At SINGLES IN YOUR SECTOR!!!
we disabled our detector.
Then we emptied out the cache
and dragged the letters to the trash.
So that’s the fact we had to face:
there’s no intelligence in space.
But that’s okay–for what it’s worth,
there isn’t much of it on Earth.
Copyright 2008 Adam Rex
From Frankenstein Takes the Cake
So I wrote this a few years ago, and always thought its natural habitat was the internet. Of course I control the rights to this poem–there's a copyright notice and everything following the verse. But I am curious to see if people like it enough to share it, and if so how long it takes before it's forwarded to me or someone I know. I also understand that all creative writing on the internet eventually gets attributed to Kurt Vonnegut, so we'll see how long that takes.
Sunday, March 20, 2011
Rotten Tomatoes may be Addressed to Me Care of my Agent
Thursday, March 17, 2011
Koo Koo Ka Choo
Wednesday, March 9, 2011
Tucson Festival of Books
1:00-2:00 COE 351 – Adam Rex -- Digital Painting Workshop: Illustrating Books with Photoshop. I'm going to actually give a live demo of this I guess, God help me.

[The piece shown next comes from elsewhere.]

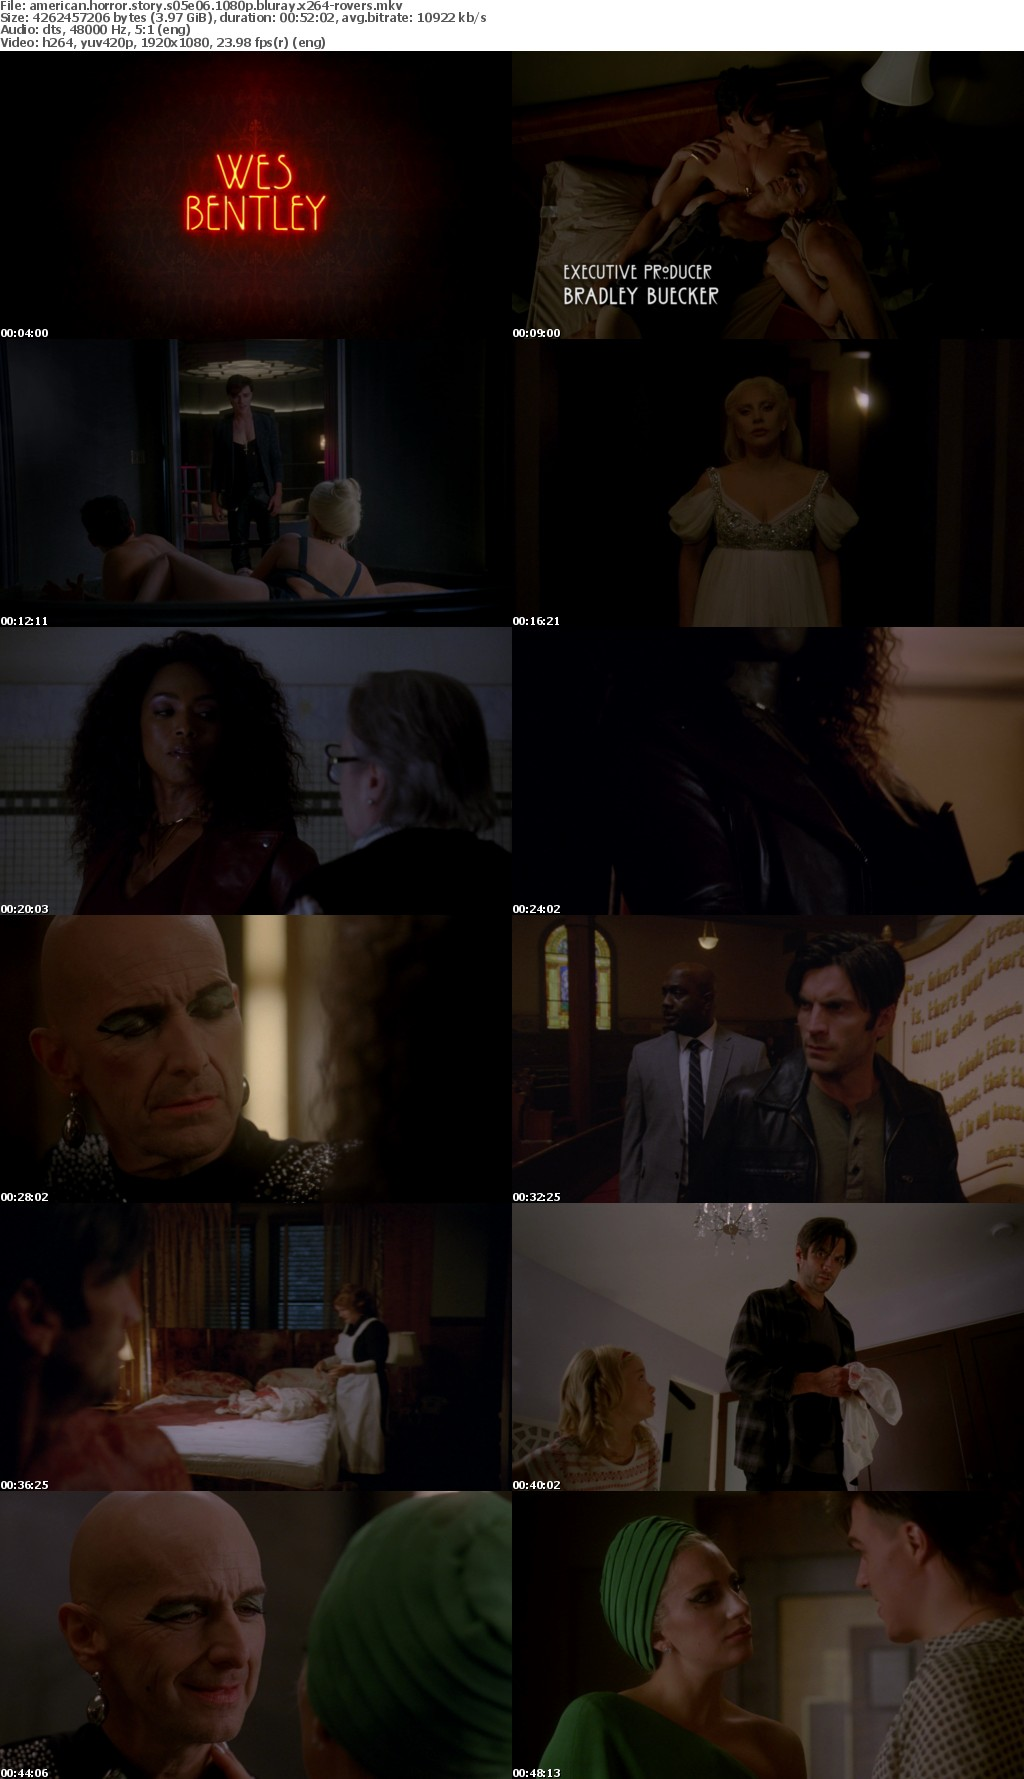 American Horror Story S05 1080p BluRay x264

2:00-2:30 Post-workshop autographing
4:00-5:00 COE Kiva – E. B. Lewis, Wendy Watson and I will be on a panel called "I Didn’t Write It, But….Illustrating for Other Authors."

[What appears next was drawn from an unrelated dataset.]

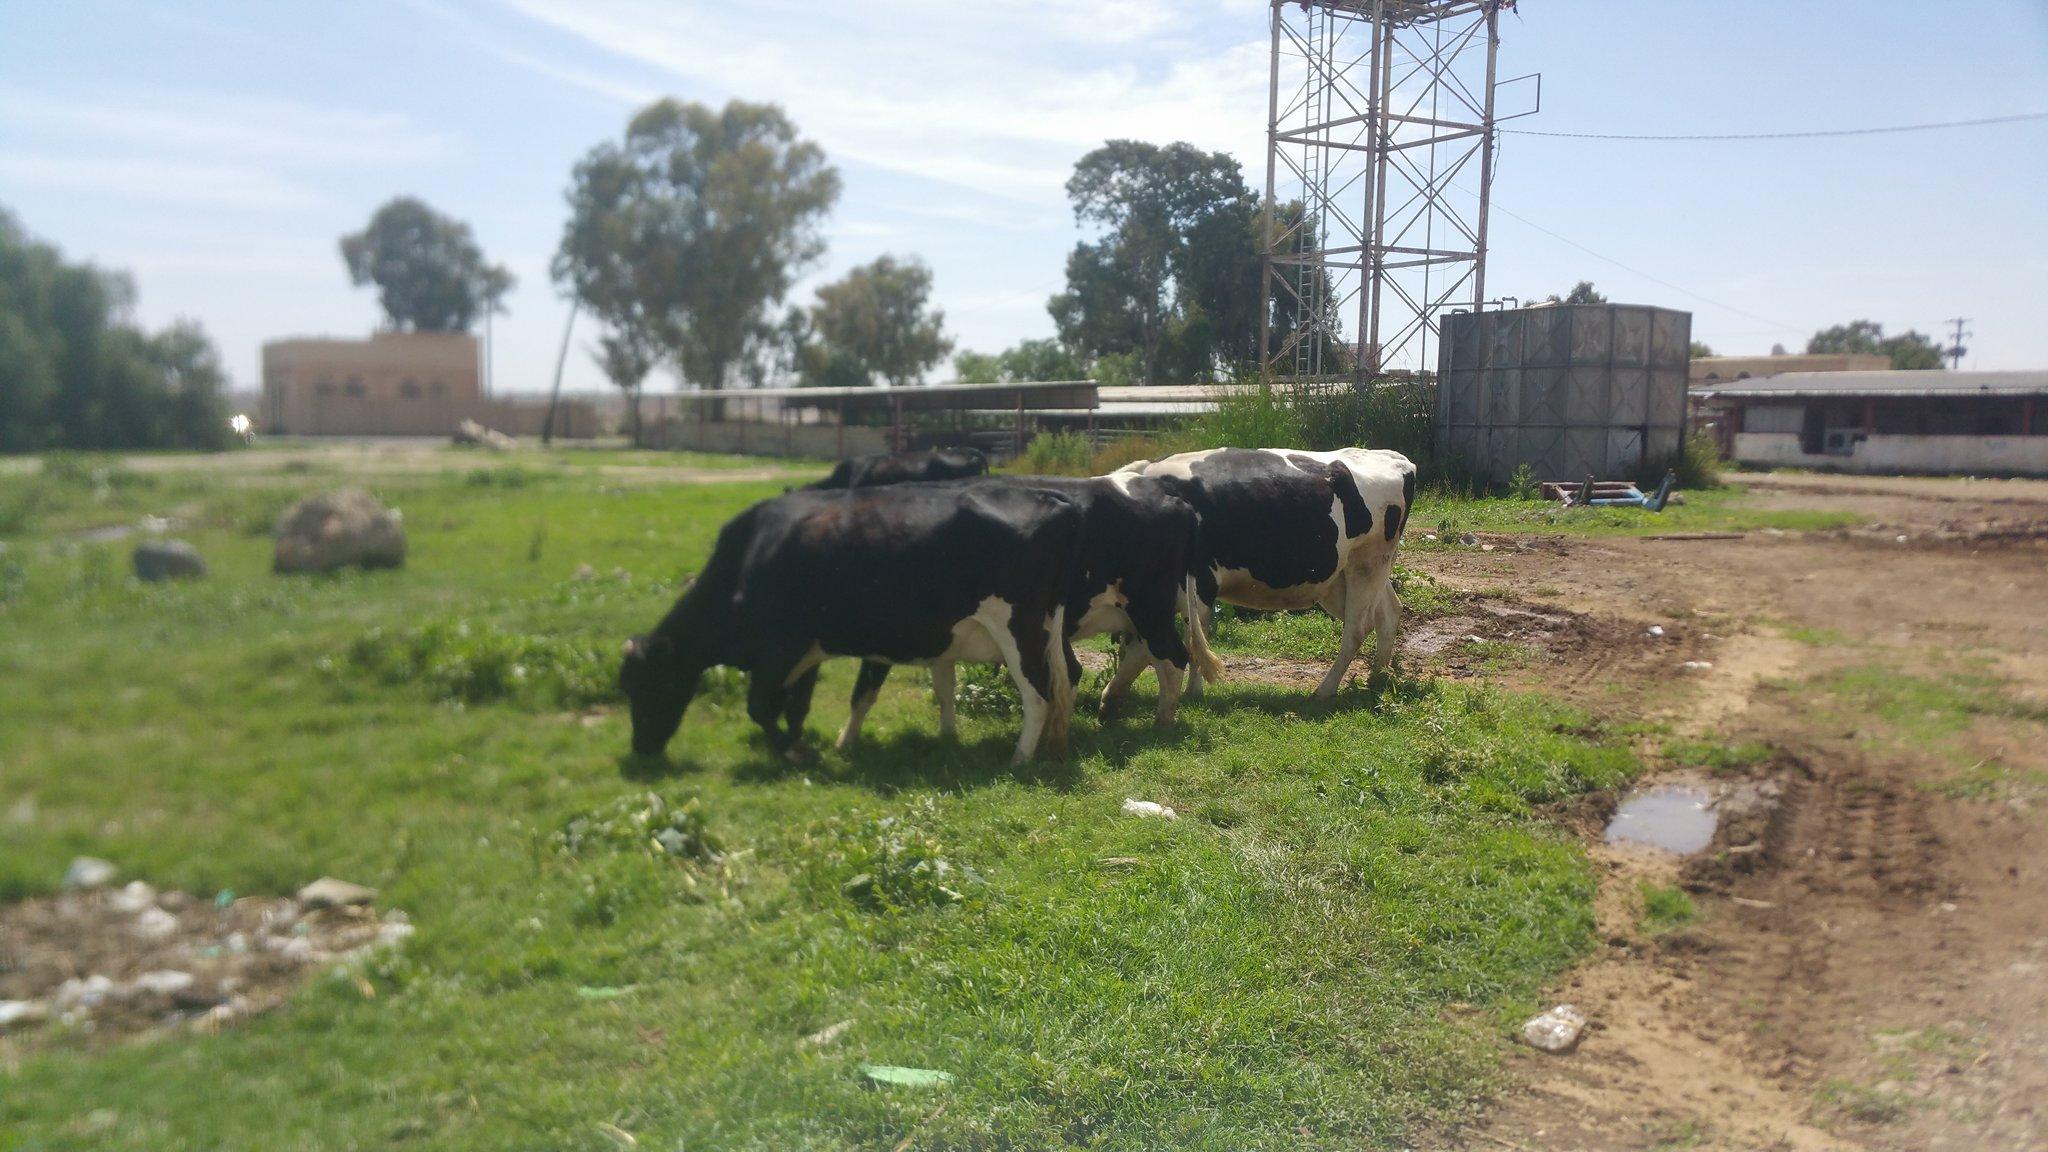 dhamar cows grazing outside farm 10 MAY 2018 OWAP AR Helall pic.jpg

5:00-5:30 Post-panel autographing
Friday, March 4, 2011
Tuesday, February 22, 2011
If There Isn't, I Want to Nominate "Dissynonym."
I swear*, this burrito last night was literally** like a hundred pounds. Seriously***, it would have taken fifty people to finish it, I shit you not****.
Thursday, February 17, 2011
Manners Mash-Up On Sale Today!
I did the spread about table manners. Click to enlarge.
You know, I don't think I follow any of these commandments except the ones about feet and napkins. It's like my mother didn't raise me right. But I know that could not possibly be the case, because my mother is classy and beautiful and reads my blog.